As DNA-sequencing technologies became cheaper to use, profiling the microbiomes of many different samples became efficient and feasible through the sequencing of highly variable regions on the bacterial 16S rRNA gene. A question that arises very quickly to novices in the domain of microbiome analysis is how to properly interpret 16S microbiome composition data. The counts within the OTU table to be analysed always vary greatly across samples, as an artefact of the sequencing technology. Additionally, the count data for a given bacterial group across samples is highly non-normal and at best somewhat close in distribution to that of a zero-inflated negative binomial random variable. Further complicating interpretation, the data is highly multidimensional in that the number of bacterial groupings (OTUs) greatly outnumbers the sample size. In order to determine if the microbiota are driving disease, regression-based analyses will need to be undertaken. In searching the literature this summer, I found that there is no consensus in how to do regression with 16S microbiome data. Issues arise due to the compositional nature of the data along with the high degree of dimensionality. One of the main benefits of regression is being able to take into account possible covariates and whether or not they, rather the microbiota, are the true drivers of observed differences. This becomes increasingly important in human studies where subjects have not been contained in environments controlled by the investigator.

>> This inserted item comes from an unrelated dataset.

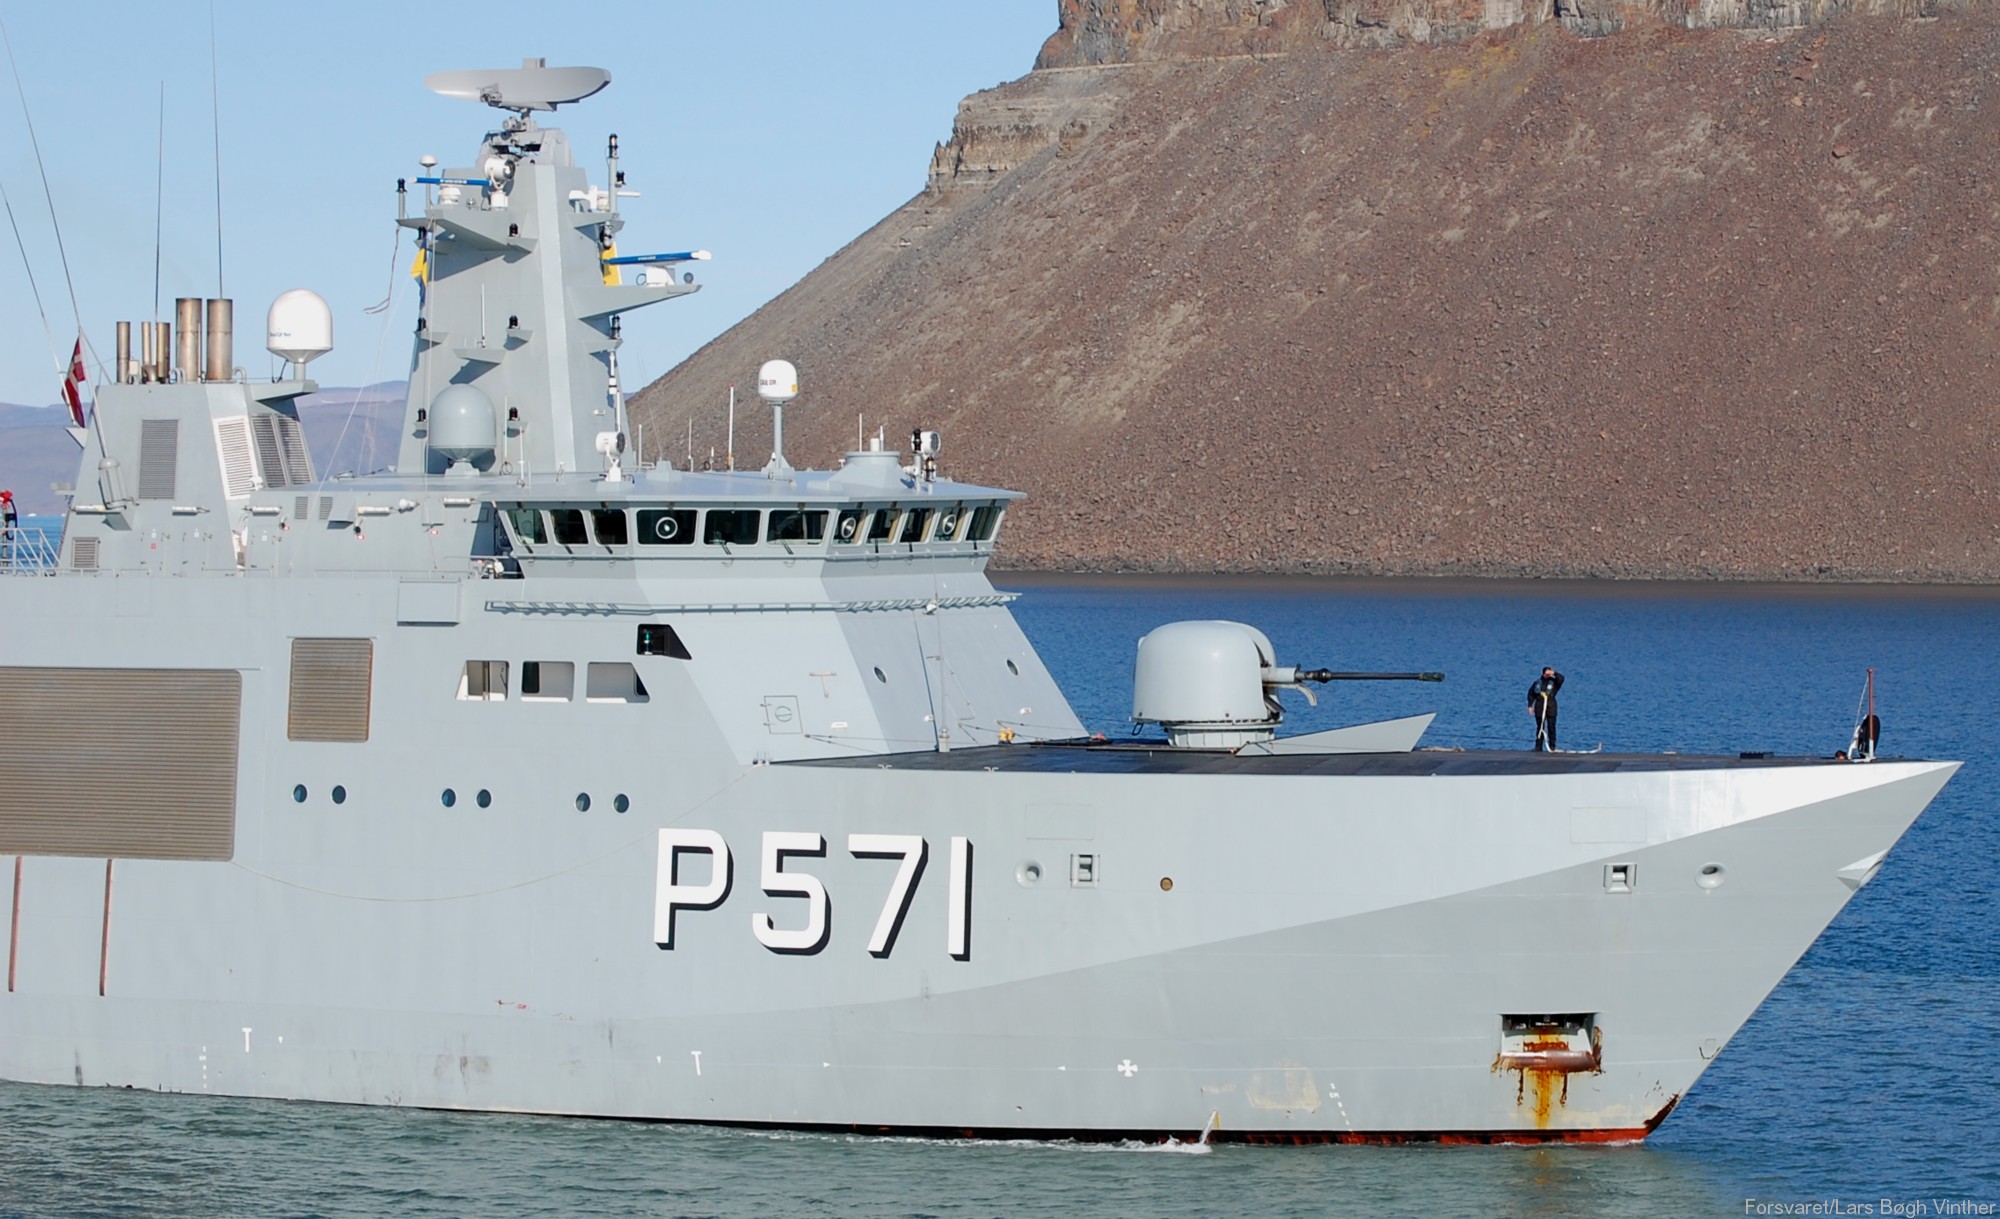 p-571 hdms ejnar mikkelsen knud rasmussen class offshore patrol vessel opv royal danish navy inspektionsfartøj 36

At this week’s microbiome journal club at 3:00pm on Friday, August 26th in MUMC 3N10A, we will be discussing aMiSPU, a novel regression-based method for microbiome data presented in “An adaptive association test for microbiome data” by Wu et al. in 2016. The paper mainly compares aMiSPU to a similar method known as optimal MiRKAT in how well they perform on both simulated and real data*.
Questions for discussion:
- Is the aMiSPU test a valid statistical method of association for microbiome data and is it better than general linear modelling?

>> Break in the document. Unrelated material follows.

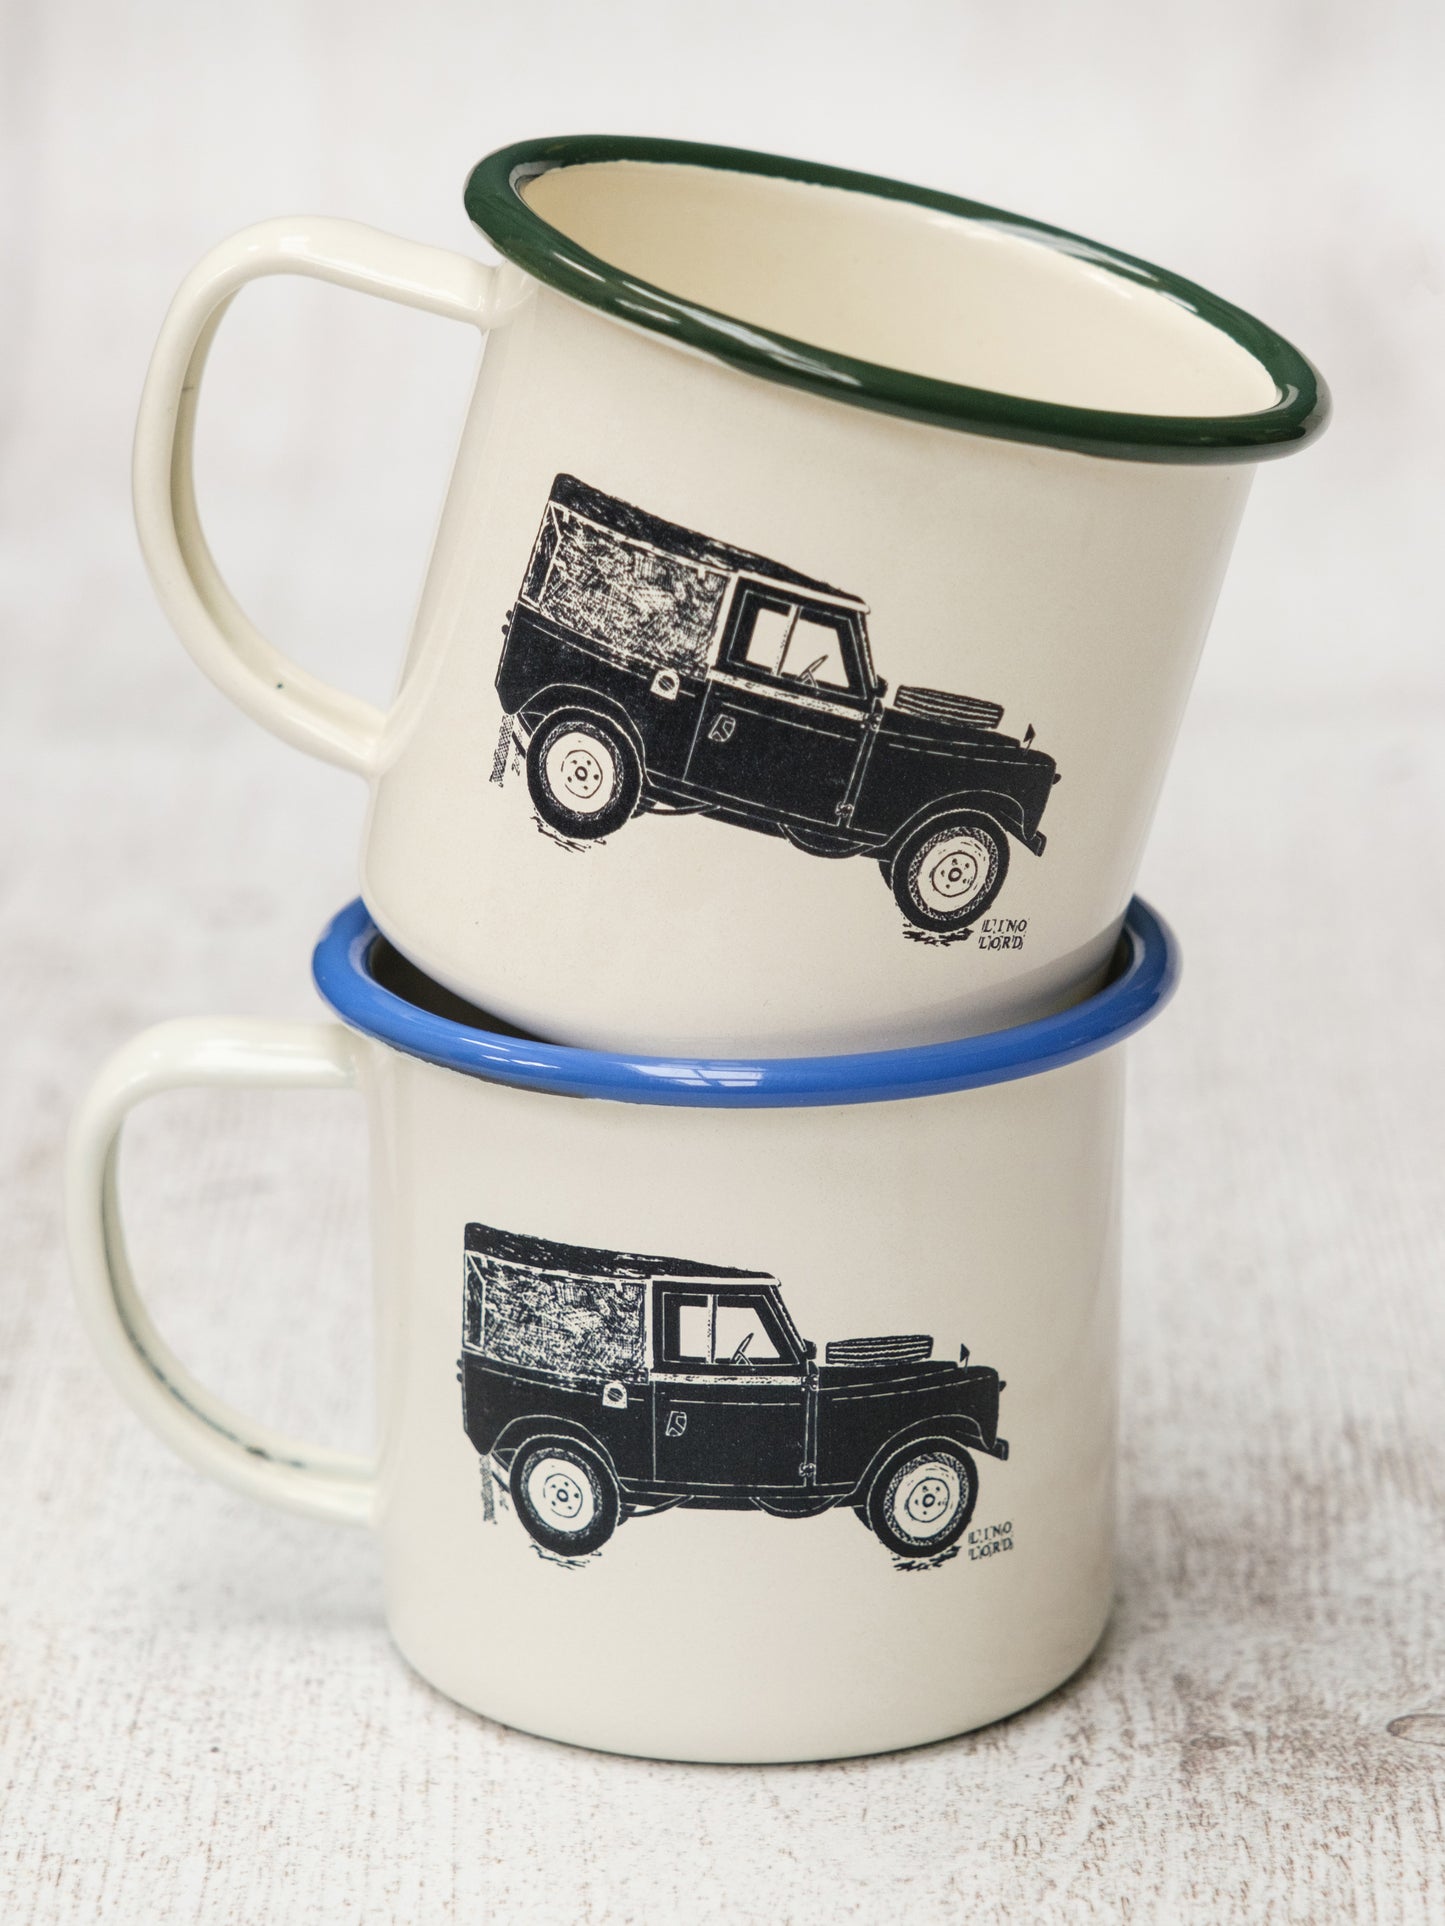 Cream Enamel Mug with Land Rover Design

- Are significant alterations in rare microbes within microbiome studies repeatable and reliable? Should statistical tests of differential abundance be adjusted to detect differences in rare microbiota?
- Can microbiome data be accurately simulated, and if so, how important will methods papers on simulated data be for future developments in the field?

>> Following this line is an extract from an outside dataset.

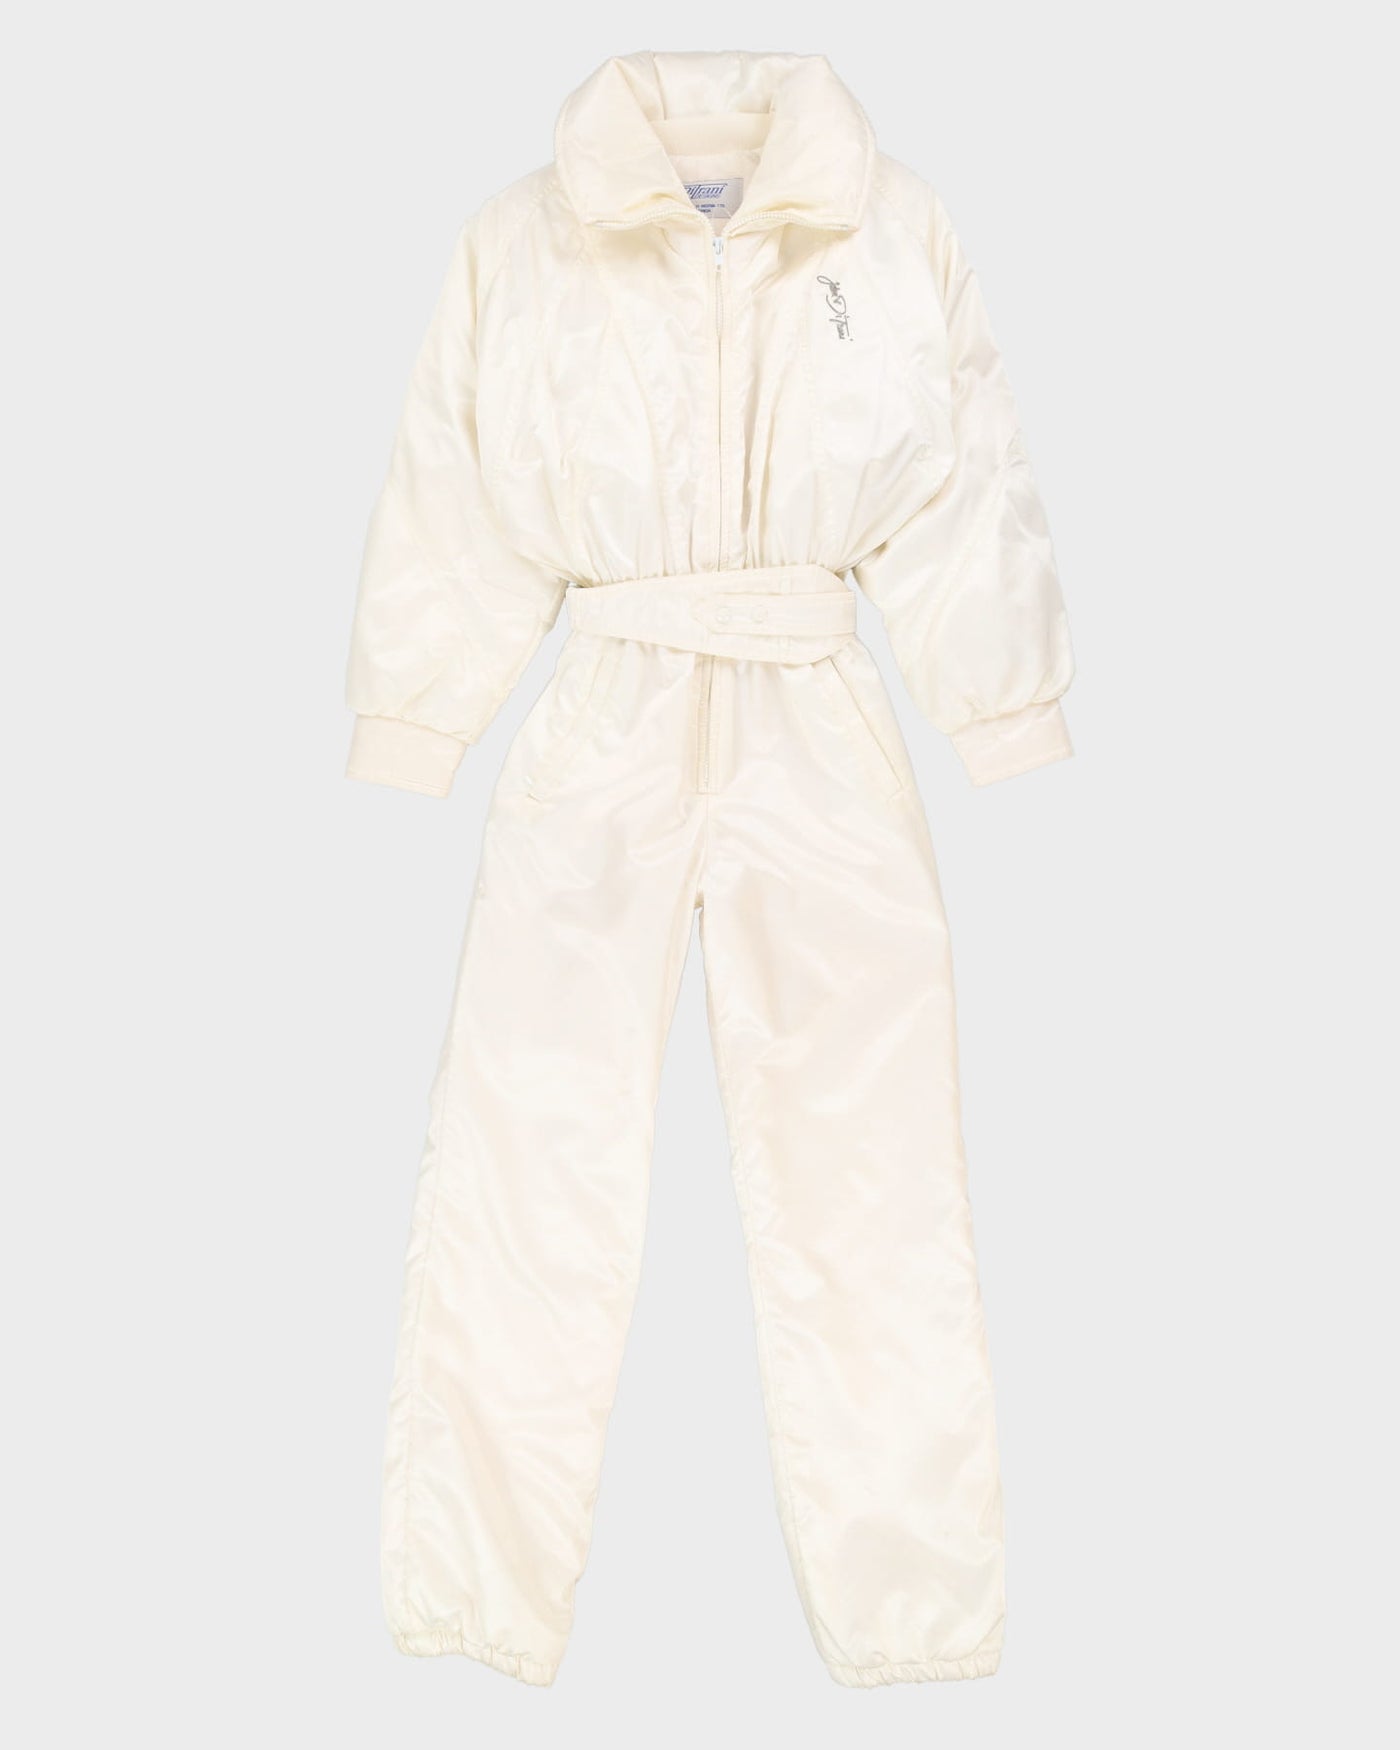 1990s White Ski Suit Overalls - XS

Come join for food and drinks afterwards at the Pheonix at 4!
*Note that within the explanation of the aMiSPU test on page 4 of 12 it is briefly mentioned that TaMiSPUu , TaMiSPUw , and TaMiSPU are no longer genuine p values and that a permutation method is used to estimate their p values. If you’re looking to wrap your head around the math, the authors explain this in more detail in a previous paper about aSPU available here under the section “A new class of tests and a data-adaptive test” at the bottom of page 4 and top of page 5 of the pdf. In brief, the permutation method involves randomly rearranging the subjects many times to literally create the null distribution of no association to be tested against. I will be also be explaining it in the presentation, mainly because I find it exciting, but also because aMiSPU involves multiple layers of permutations.